Create a Confidential Application

Before creating an Oracle WebLogic Server domain that integrates with Oracle Identity Cloud Service, you must create a confidential application, and then identify its client ID and client secret.

This configuration is supported only for Oracle Cloud accounts that include Oracle Identity Cloud Service 19.2.1 or later.

When creating a new domain, Oracle WebLogic Server for Oracle Cloud Infrastructure provisions an App Gateway and other security components in Oracle Identity Cloud Service. In order for Oracle WebLogic Server for Oracle Cloud Infrastructure to perform these tasks, you must provide the following information:

  • Your Oracle Identity Cloud Service instance ID, which is also referred to as your tenant name. This ID is typically found in the URL you use to access the Oracle Identity Cloud Service console, and has the format idcs-<GUID>.
  • The client ID of a confidential application in Oracle Identity Cloud Service
  • The client secret of the confidential application. You must use Oracle Cloud Infrastructure Vault to create a secret to store the client secret. You will asked to provide the OCID of the secret in the vault. See Create Secrets for Passwords.

Create a confidential application for Oracle WebLogic Server for Oracle Cloud Infrastructure, or use an existing one. You can use a single confidential application in Oracle Identity Cloud Service to create multiple domains.

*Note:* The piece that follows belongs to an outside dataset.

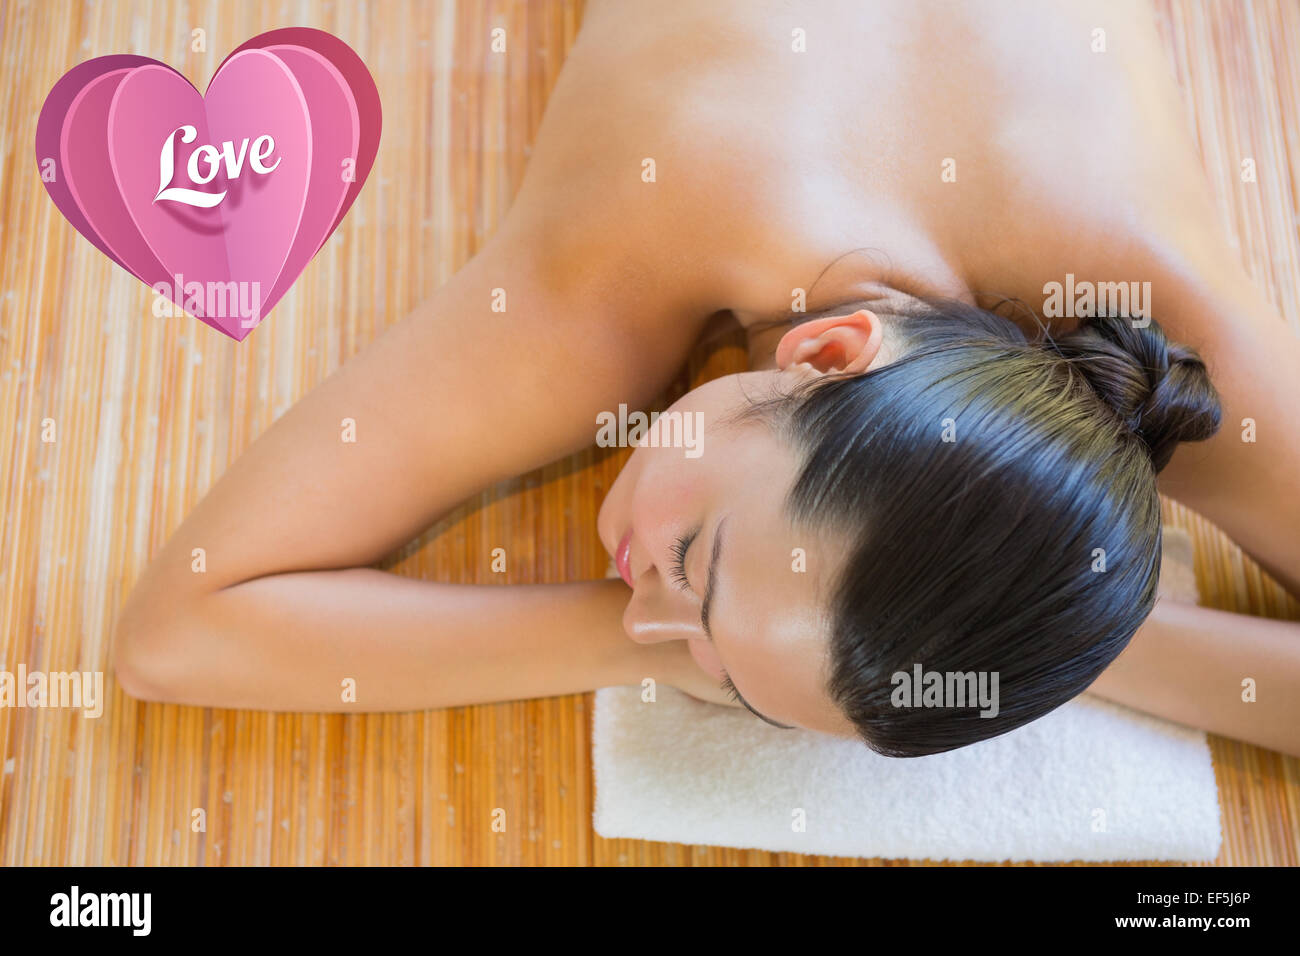 Composite image of content brunette relaxing on massage table Stock Photo
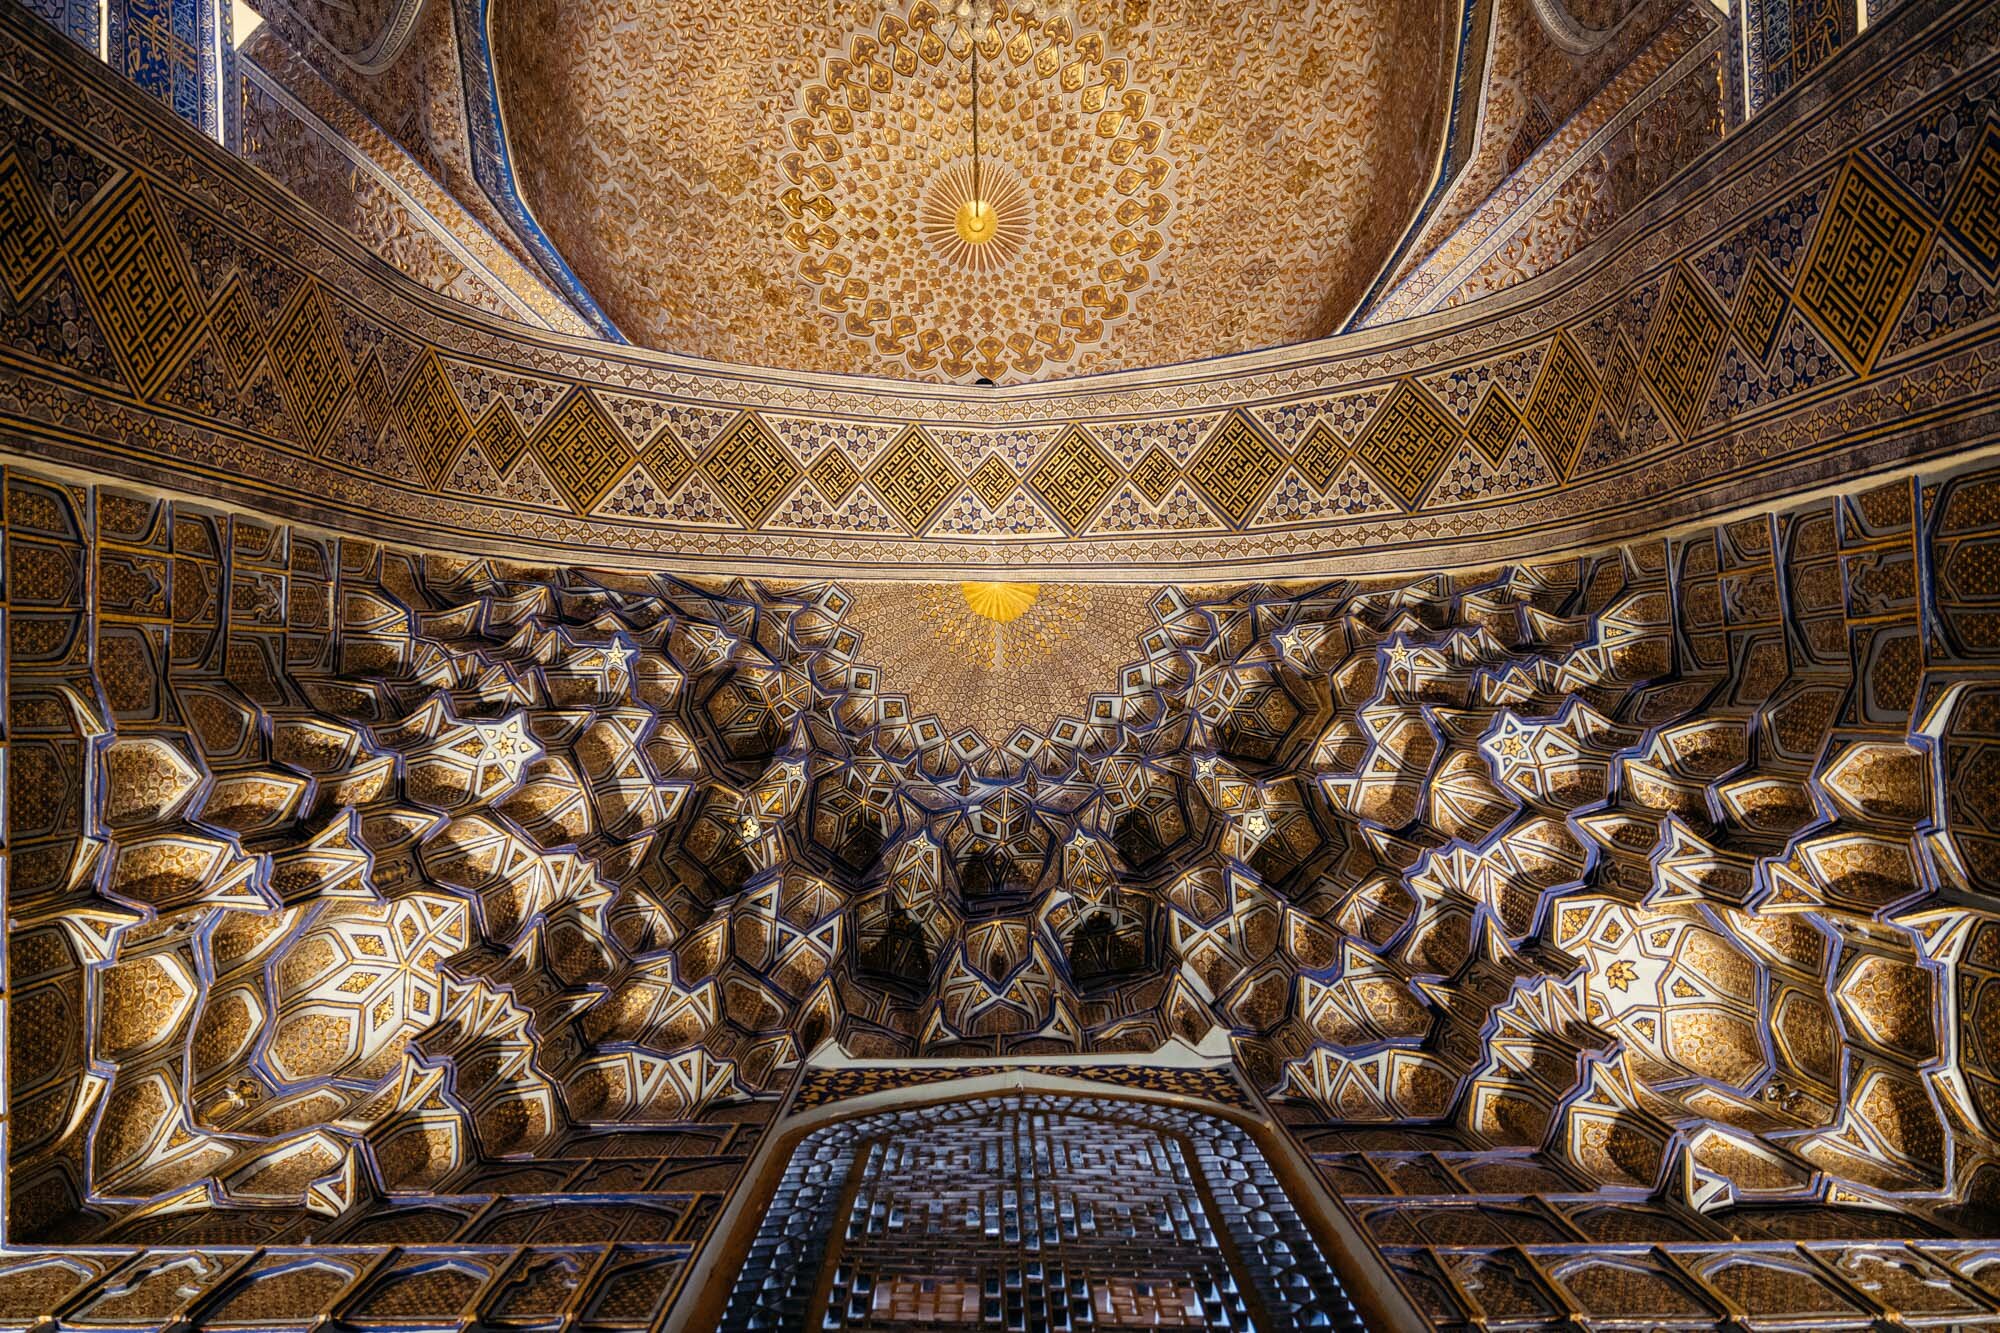  Ceiling details I (the mausoleum has been heavily restored in recent years)

  1. From the Oracle Identity Cloud Service Console, click the navigation menu, and then select Applications.
  2. Click Add.
  3. Select Confidential Application.
  4. Enter a Name, and then click Next.
  5. Click Configure this application as a client now.
  6. For Allowed Grant Types, select Client Credentials.
  7. Below Grant the client access to Identity Cloud Service Admin APIs, click Add.
  8. Select Identity Domain Administrator, and then click Add.
  9. Complete the Add Confidential Application wizard. Record the values of Client ID and Client Secret.
  10. Select the check box for your application, click Activate, and then click OK.
  11. In the Oracle Cloud Infrastructure console, create a secret in a vault to store the client secret of your confidential application.

See Add a Confidential Application in Administering Oracle Identity Cloud Service.